··· Provided data ···
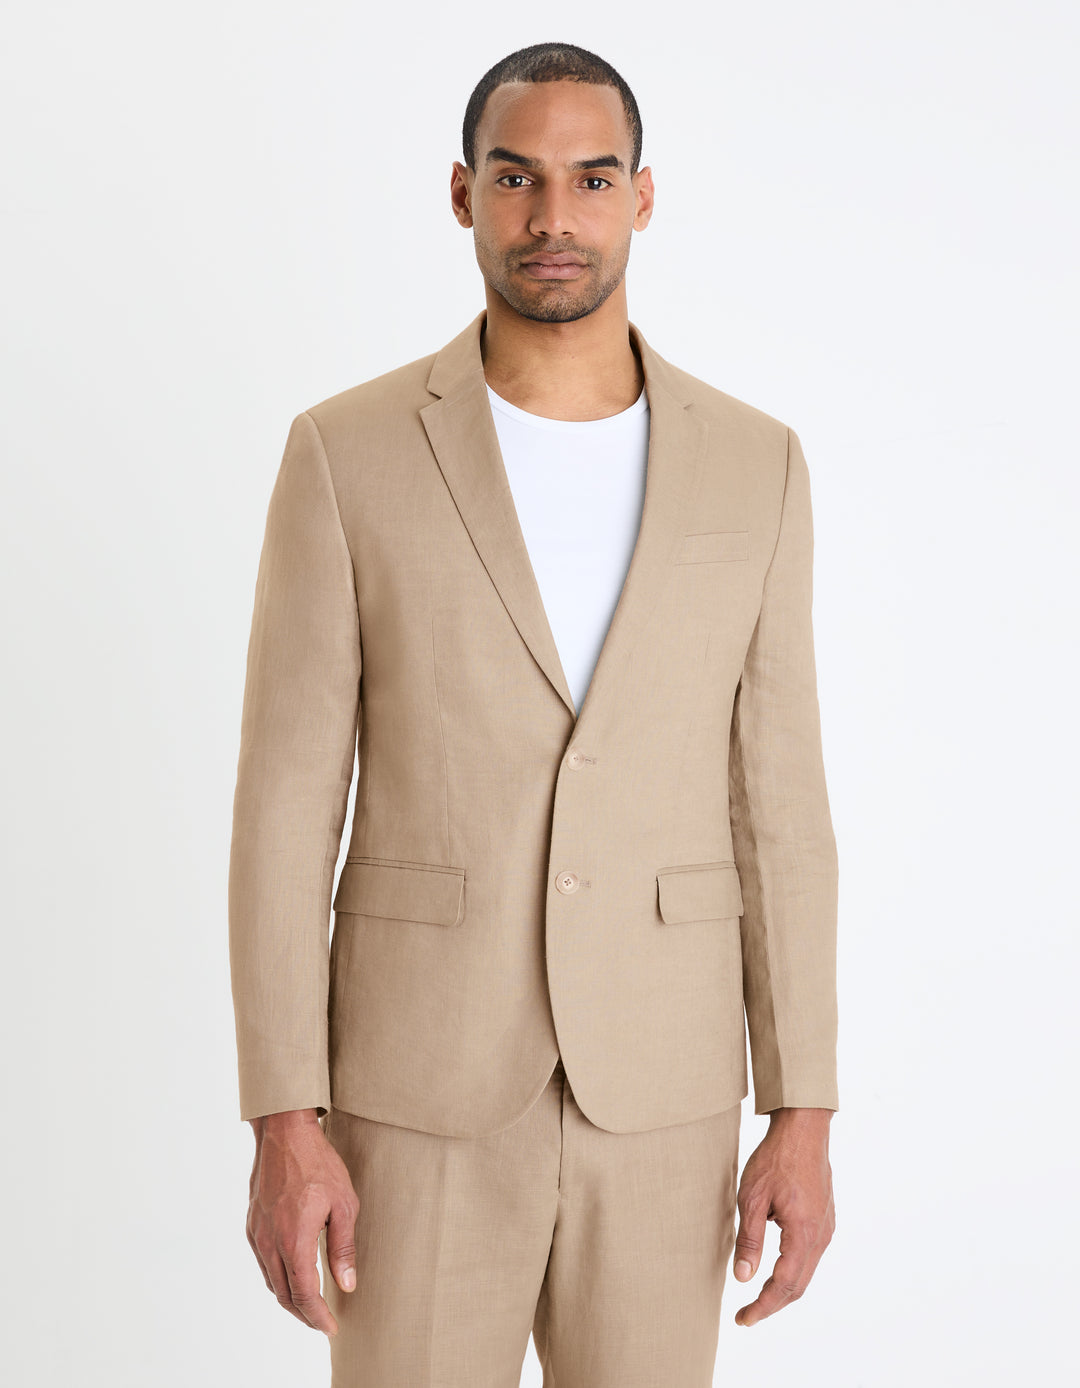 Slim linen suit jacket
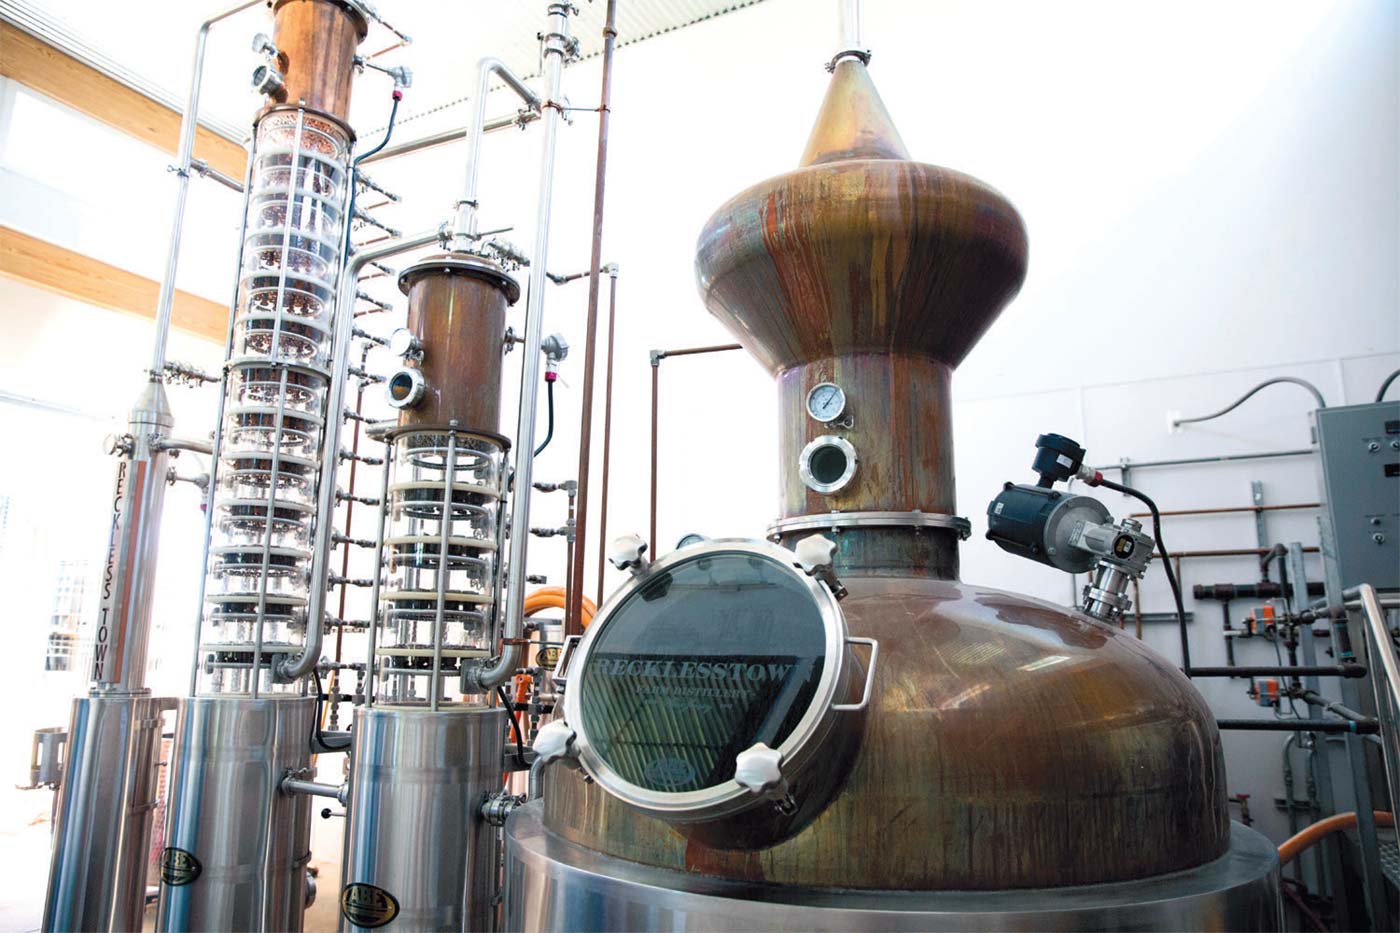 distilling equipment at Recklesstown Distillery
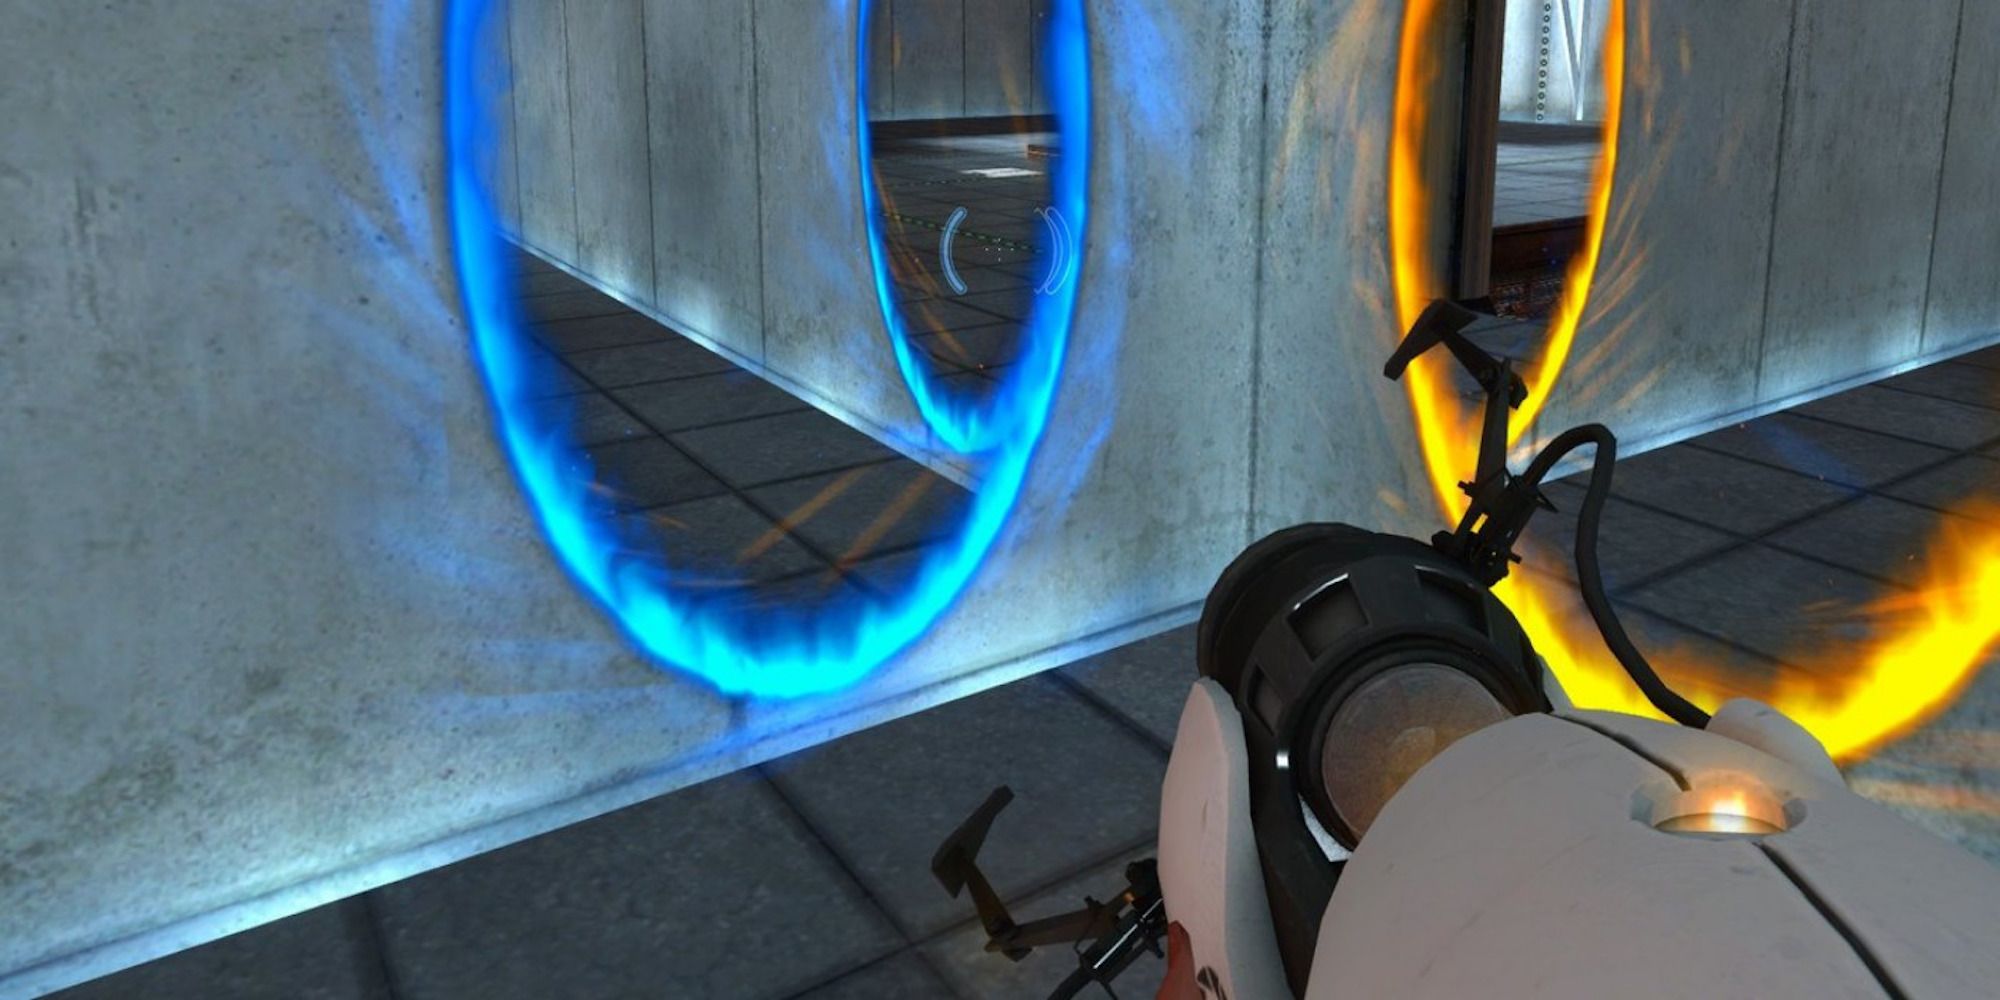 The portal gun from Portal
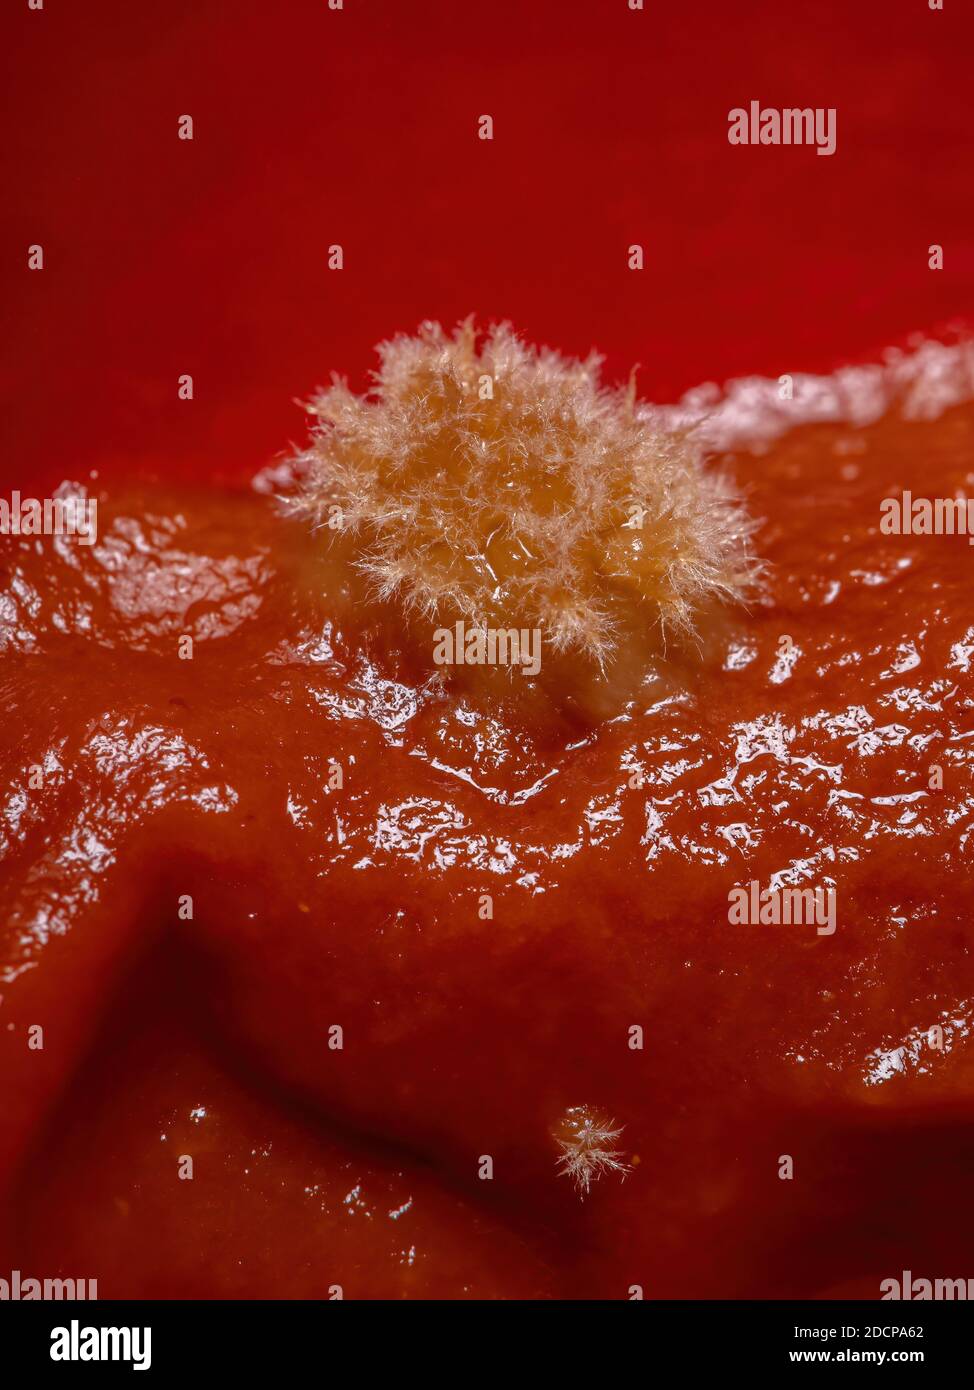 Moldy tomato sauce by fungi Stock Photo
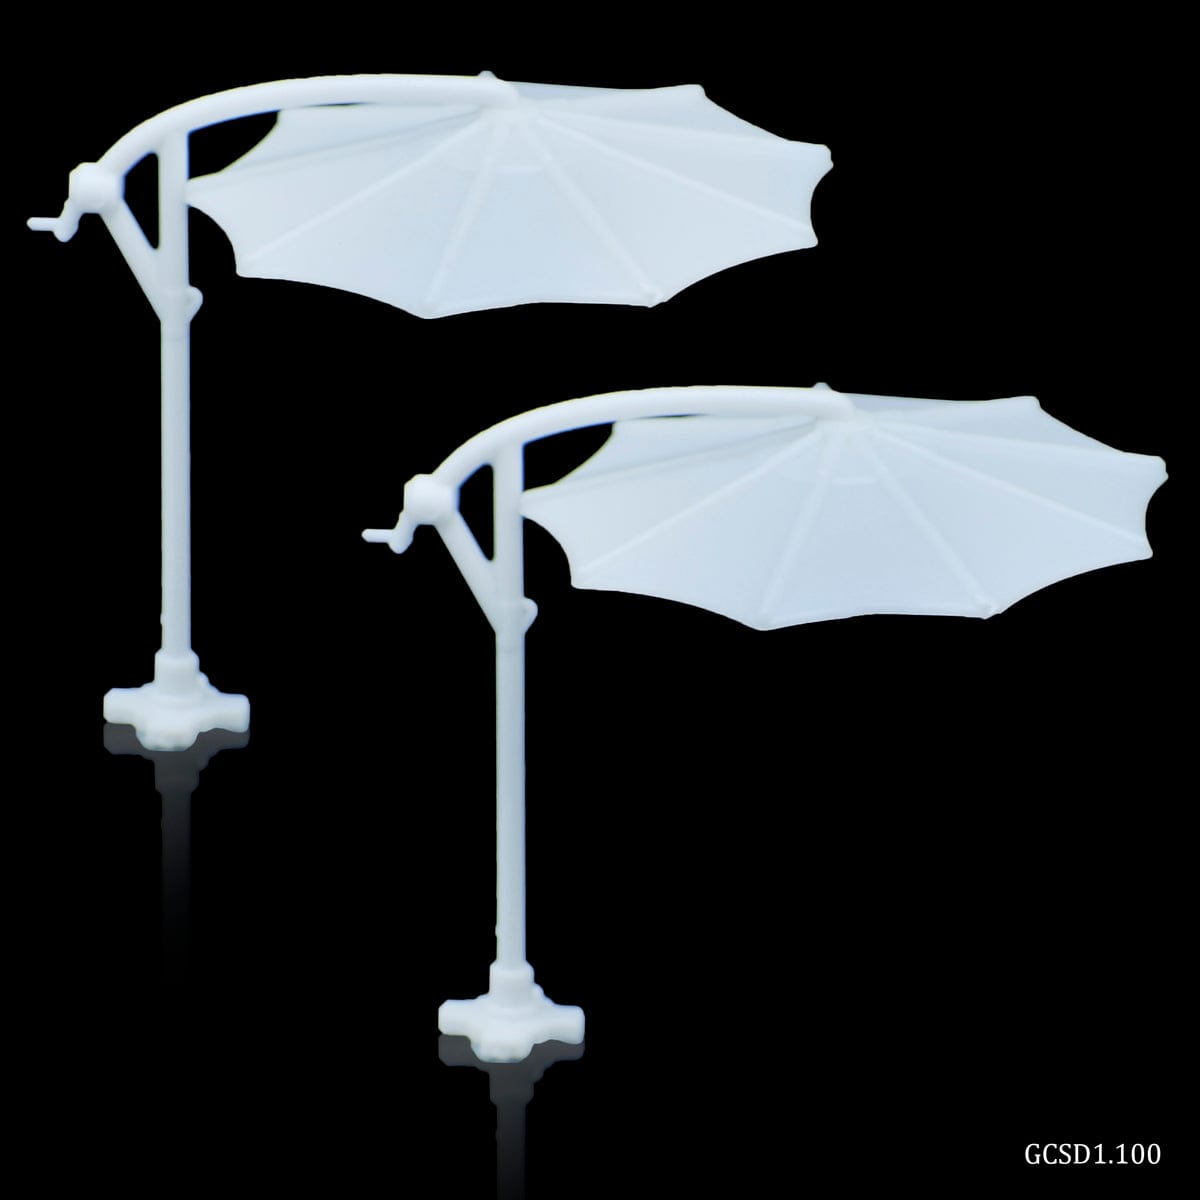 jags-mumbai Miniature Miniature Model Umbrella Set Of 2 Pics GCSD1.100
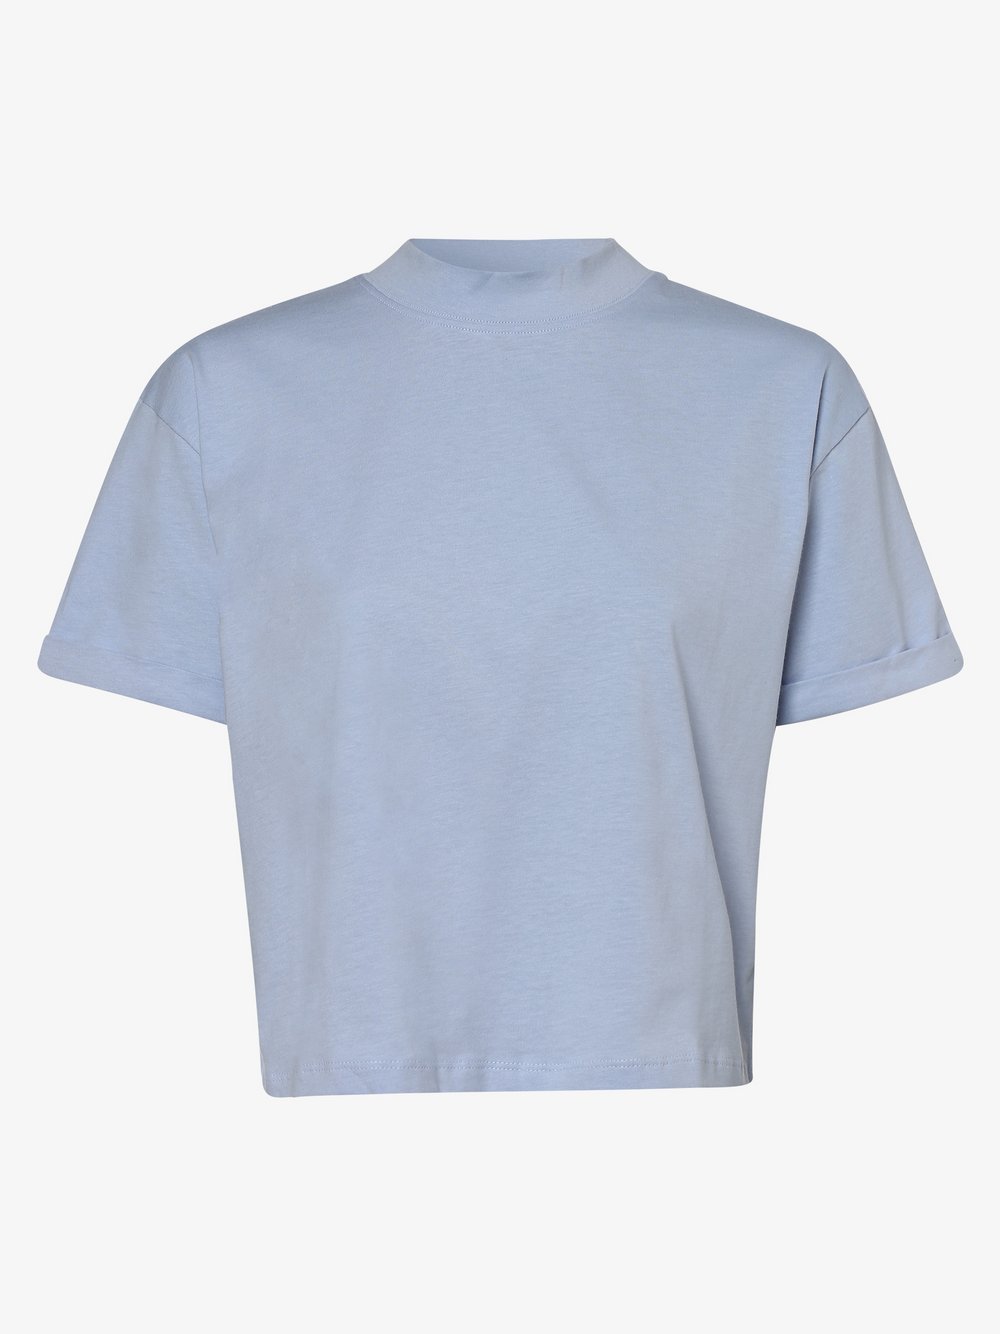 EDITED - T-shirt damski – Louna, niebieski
···
→ Required action:
Transcribe the span of lines that runs from the line with "jags-mumbai Miniature Miniature" to the end of the data, both ends included, exactly, with nothing else and no pictures.

→ Problem solution:
 jags-mumbai Miniature Miniature Model Umbrella Set Of 2 Pics GCSD1.100
 EDITED - T-shirt damski – Louna, niebieski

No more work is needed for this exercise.